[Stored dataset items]
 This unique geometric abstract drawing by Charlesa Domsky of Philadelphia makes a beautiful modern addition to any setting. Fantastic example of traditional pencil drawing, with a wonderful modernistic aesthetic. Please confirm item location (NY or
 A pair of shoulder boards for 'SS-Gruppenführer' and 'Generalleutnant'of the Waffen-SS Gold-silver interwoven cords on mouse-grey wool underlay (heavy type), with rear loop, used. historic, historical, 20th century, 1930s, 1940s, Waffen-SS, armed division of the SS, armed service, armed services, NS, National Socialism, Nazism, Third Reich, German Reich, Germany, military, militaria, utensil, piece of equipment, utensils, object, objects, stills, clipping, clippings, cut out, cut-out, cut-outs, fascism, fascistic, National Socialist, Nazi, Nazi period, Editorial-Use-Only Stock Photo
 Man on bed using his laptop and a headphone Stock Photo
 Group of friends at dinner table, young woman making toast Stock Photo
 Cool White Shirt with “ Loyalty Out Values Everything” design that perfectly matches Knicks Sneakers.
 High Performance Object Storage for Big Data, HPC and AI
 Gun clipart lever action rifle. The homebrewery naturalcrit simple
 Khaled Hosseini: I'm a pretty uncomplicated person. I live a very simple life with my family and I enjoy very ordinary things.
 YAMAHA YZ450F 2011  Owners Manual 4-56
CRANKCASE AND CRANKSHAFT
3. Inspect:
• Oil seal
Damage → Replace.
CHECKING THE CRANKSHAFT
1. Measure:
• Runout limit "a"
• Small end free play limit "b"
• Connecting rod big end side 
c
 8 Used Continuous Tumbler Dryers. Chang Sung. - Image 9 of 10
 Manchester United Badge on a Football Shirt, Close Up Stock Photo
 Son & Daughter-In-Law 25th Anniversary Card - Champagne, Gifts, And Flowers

Action item: Each line of the data that holds "limit" should be reported.

Expected answer:
• Runout limit "a"
• Small end free play limit "b"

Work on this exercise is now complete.